Segment Start: EXERCISE MATERIAL
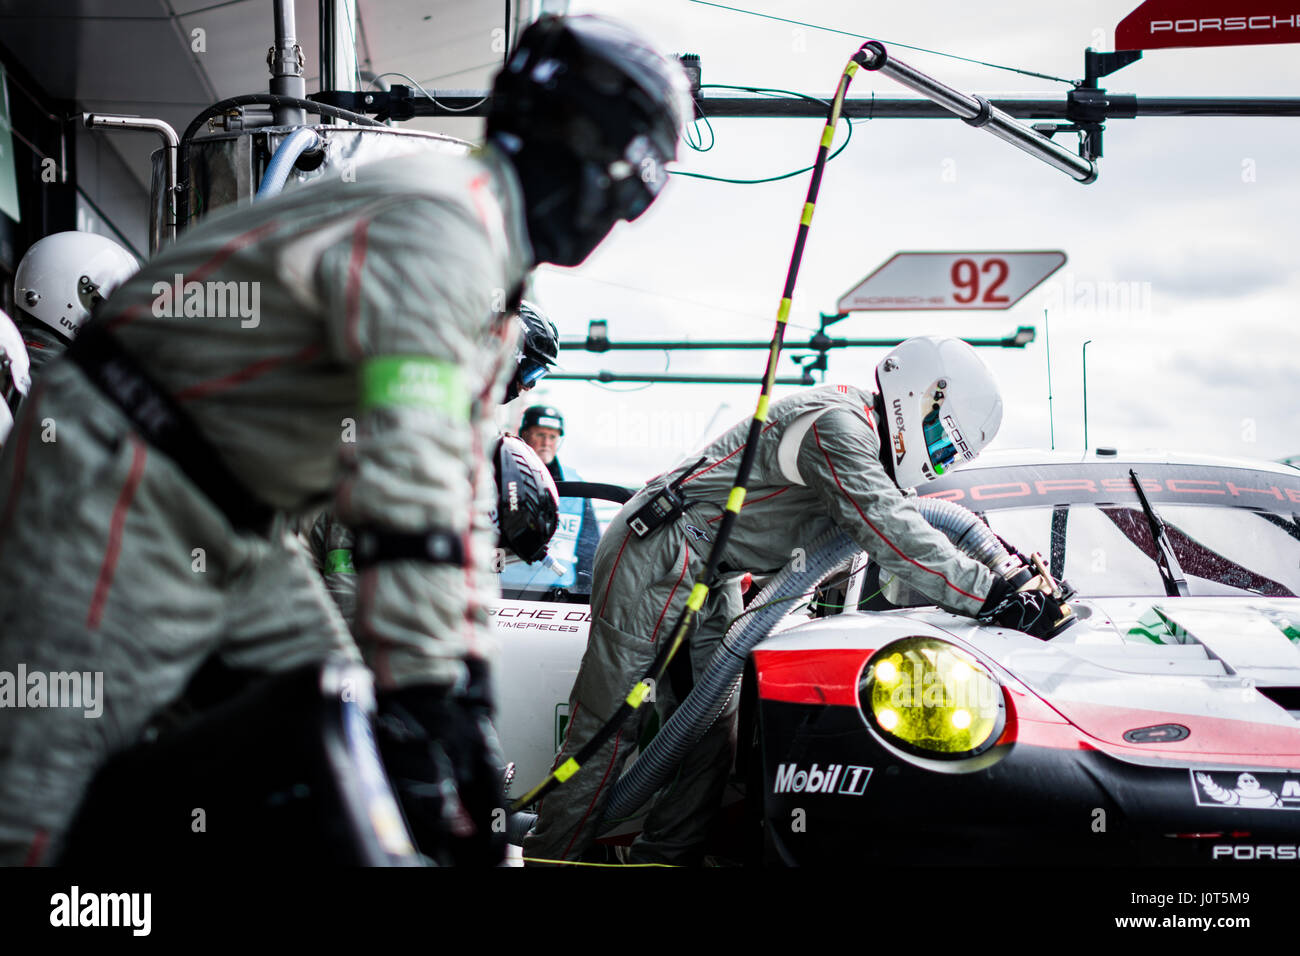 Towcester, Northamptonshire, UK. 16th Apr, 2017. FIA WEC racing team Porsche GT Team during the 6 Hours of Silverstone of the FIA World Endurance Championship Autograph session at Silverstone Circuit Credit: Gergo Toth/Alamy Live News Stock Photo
Segment End: EXERCISE MATERIAL
Segment Start: EXERCISE MATERIAL
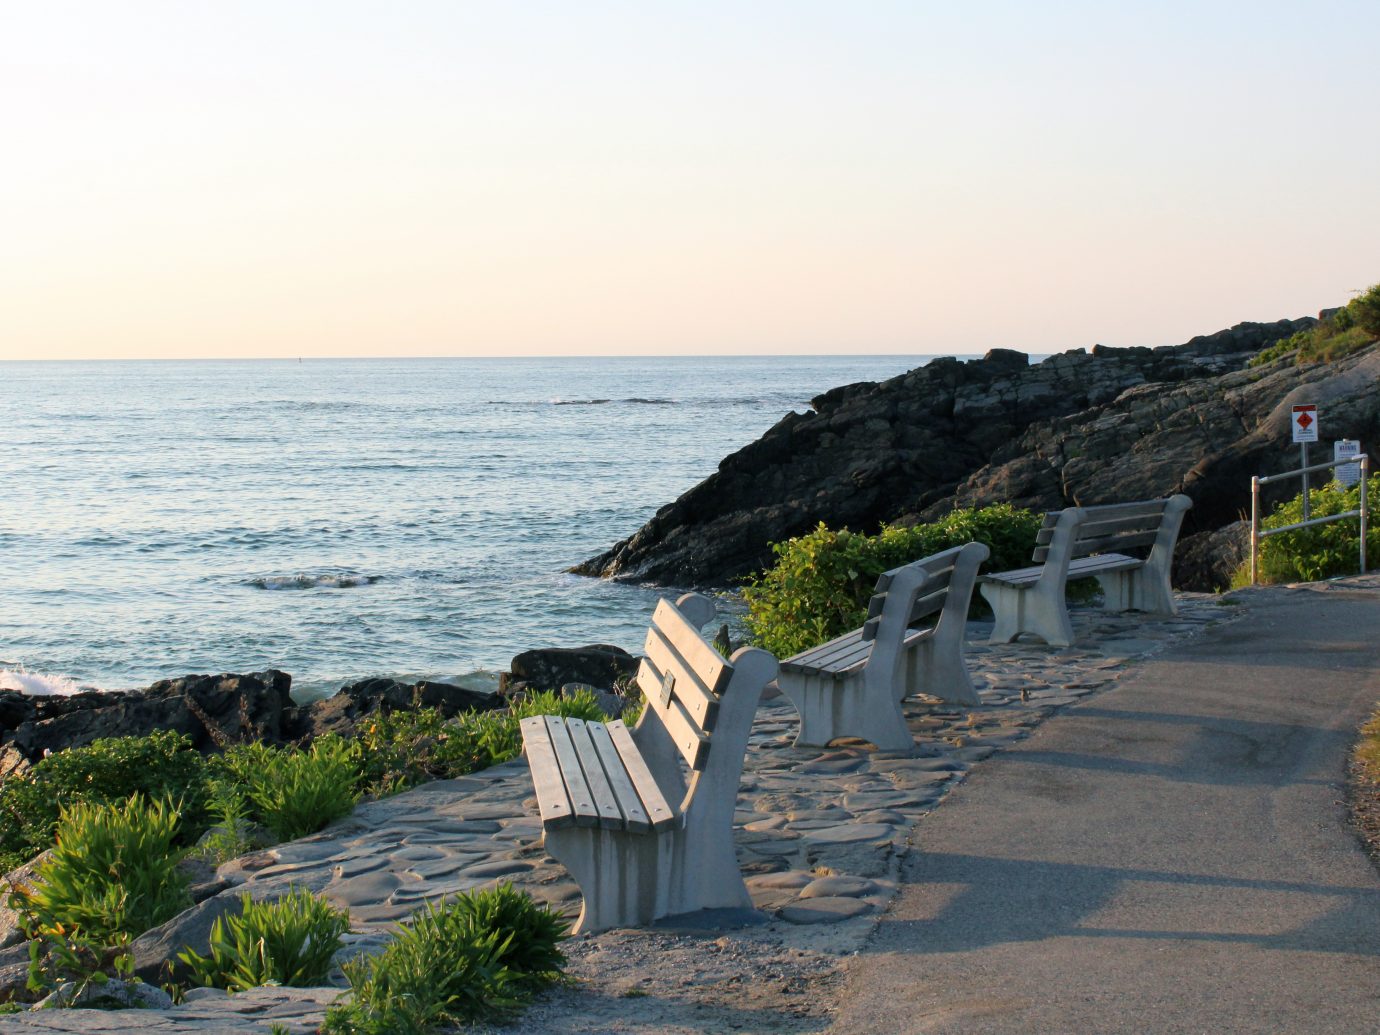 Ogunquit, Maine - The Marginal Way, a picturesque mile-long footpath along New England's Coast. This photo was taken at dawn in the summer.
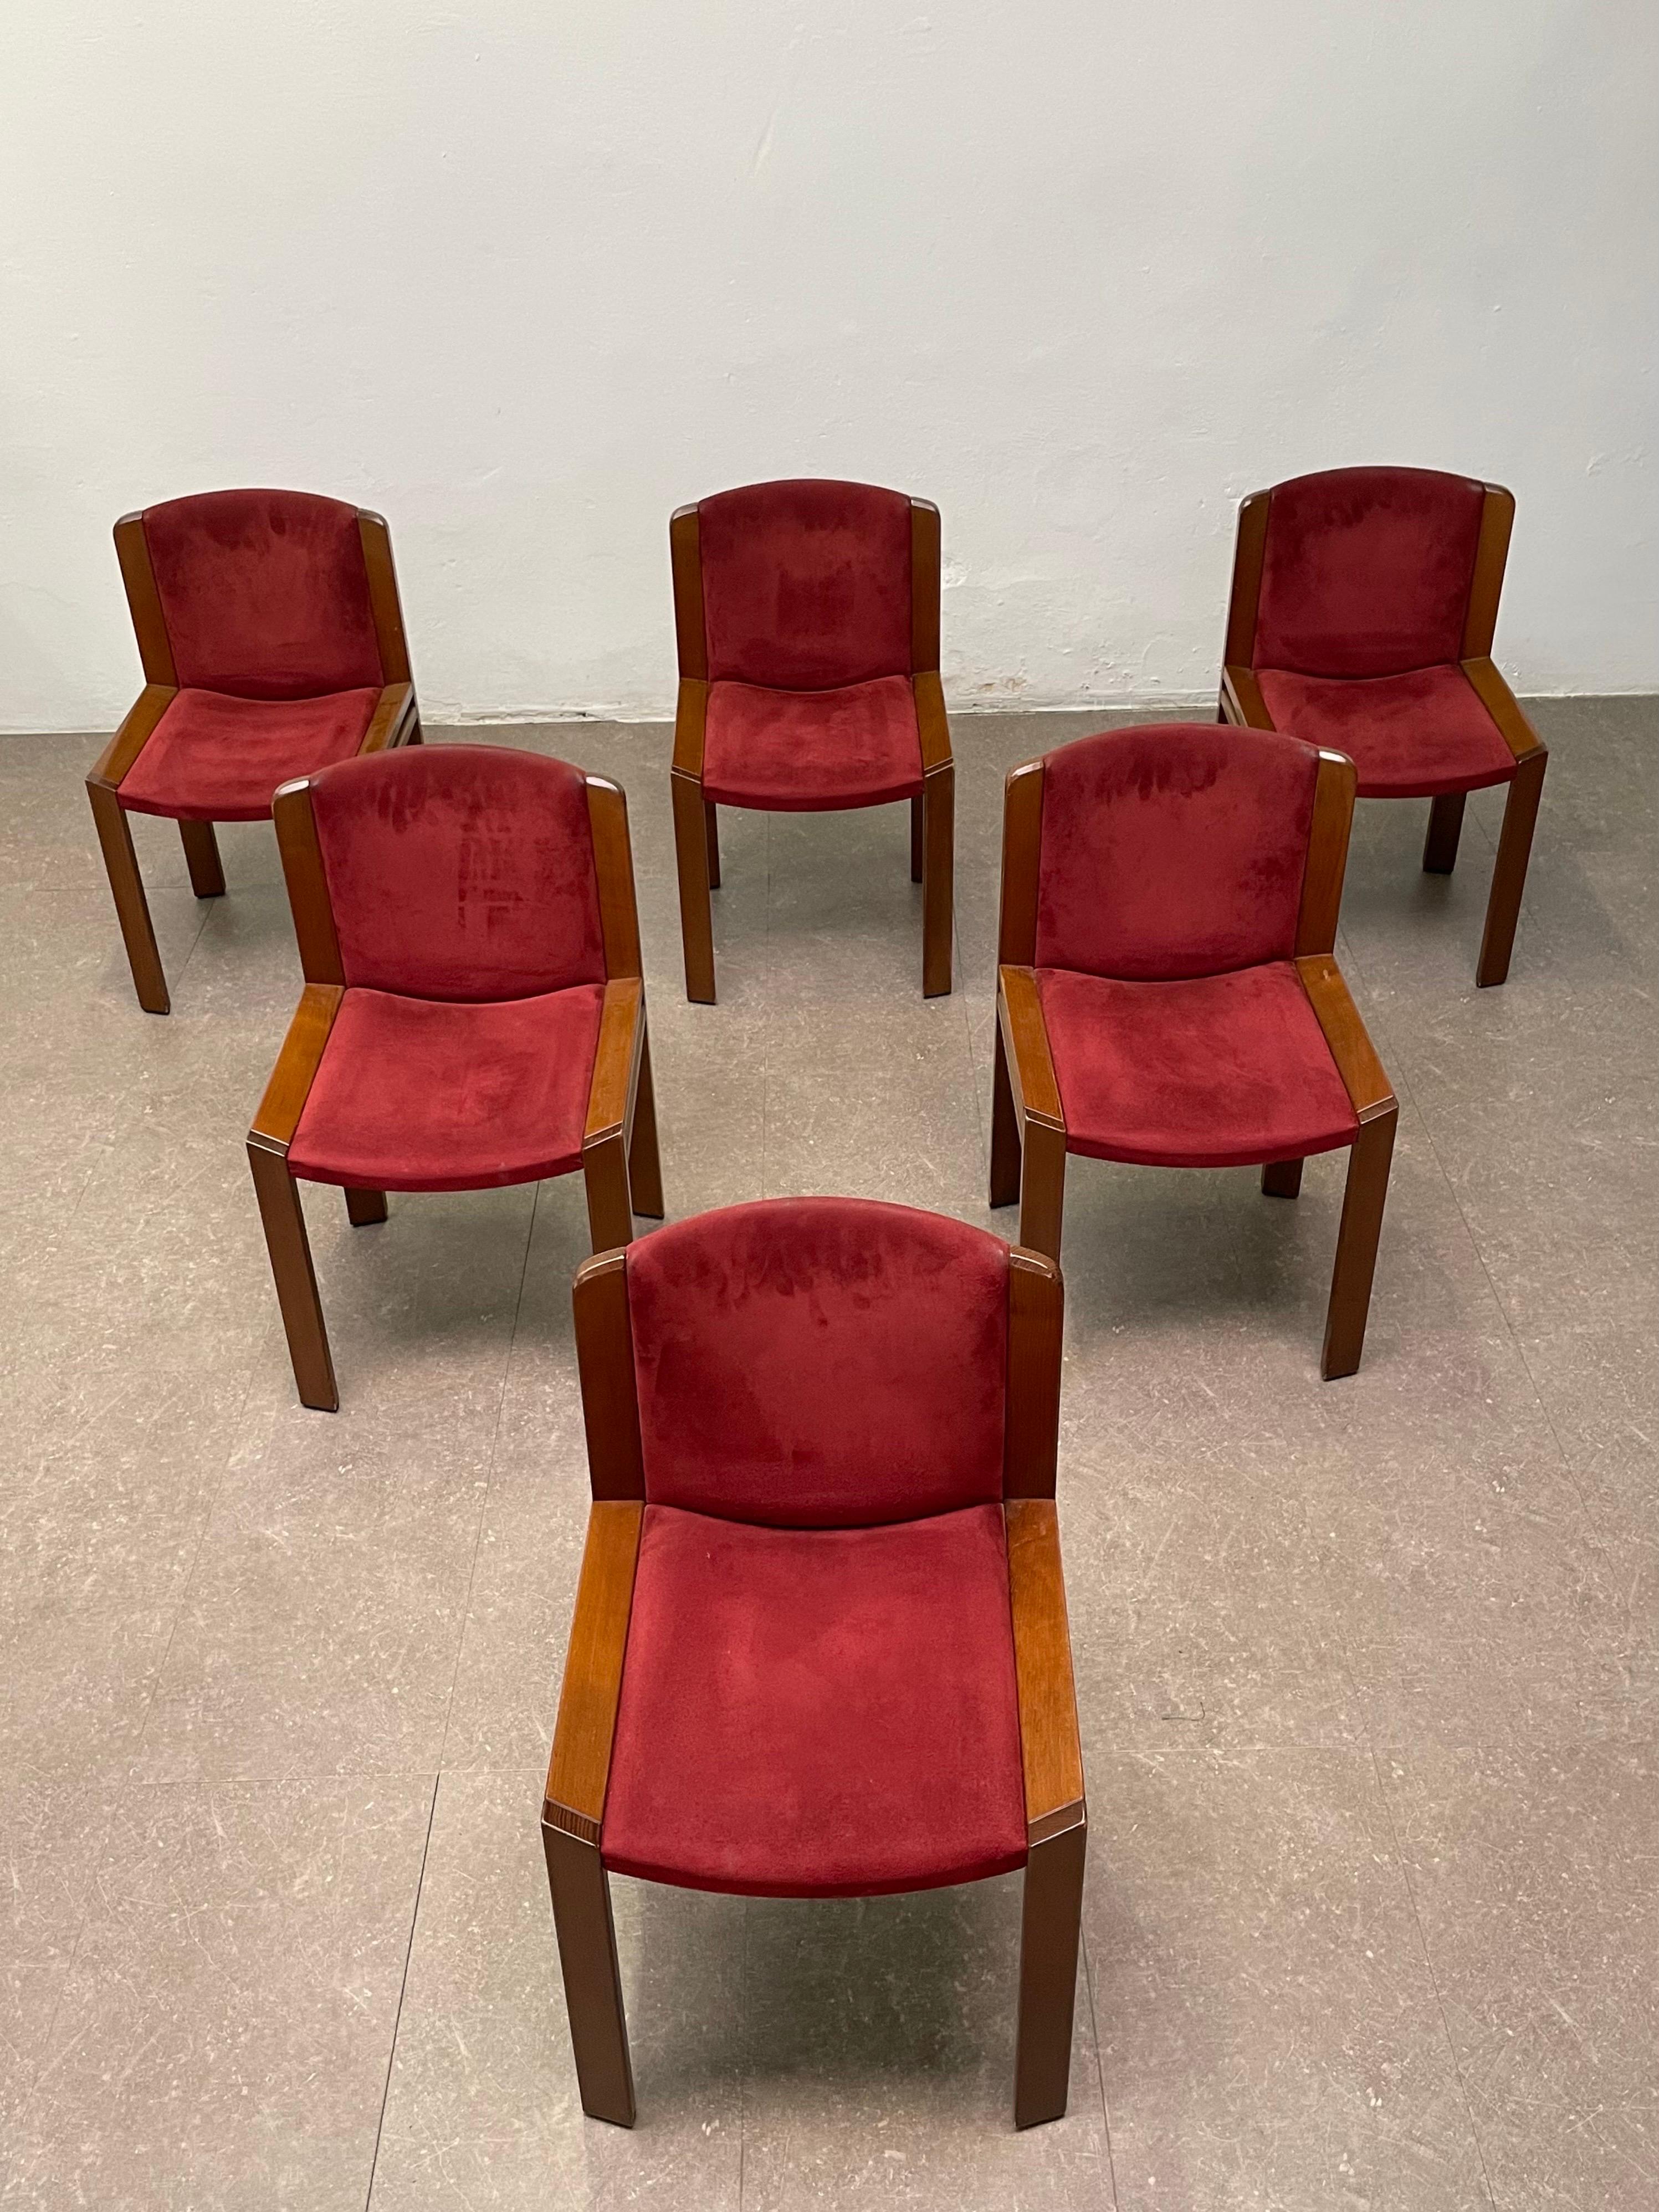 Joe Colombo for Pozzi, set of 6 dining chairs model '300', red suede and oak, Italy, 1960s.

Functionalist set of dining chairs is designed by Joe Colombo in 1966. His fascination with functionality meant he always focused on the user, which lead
Segment End: EXERCISE MATERIAL
PROBLEM TO SOLVE » Pictures in the material above should be skipped; print exactly the lines from the one with "Ogunquit, Maine - The" through the one with "Functionalist set of".

ANSWER SECTION »
 Ogunquit, Maine - The Marginal Way, a picturesque mile-long footpath along New England's Coast. This photo was taken at dawn in the summer.
 Joe Colombo for Pozzi, set of 6 dining chairs model '300', red suede and oak, Italy, 1960s.

Functionalist set of dining chairs is designed by Joe Colombo in 1966. His fascination with functionality meant he always focused on the user, which lead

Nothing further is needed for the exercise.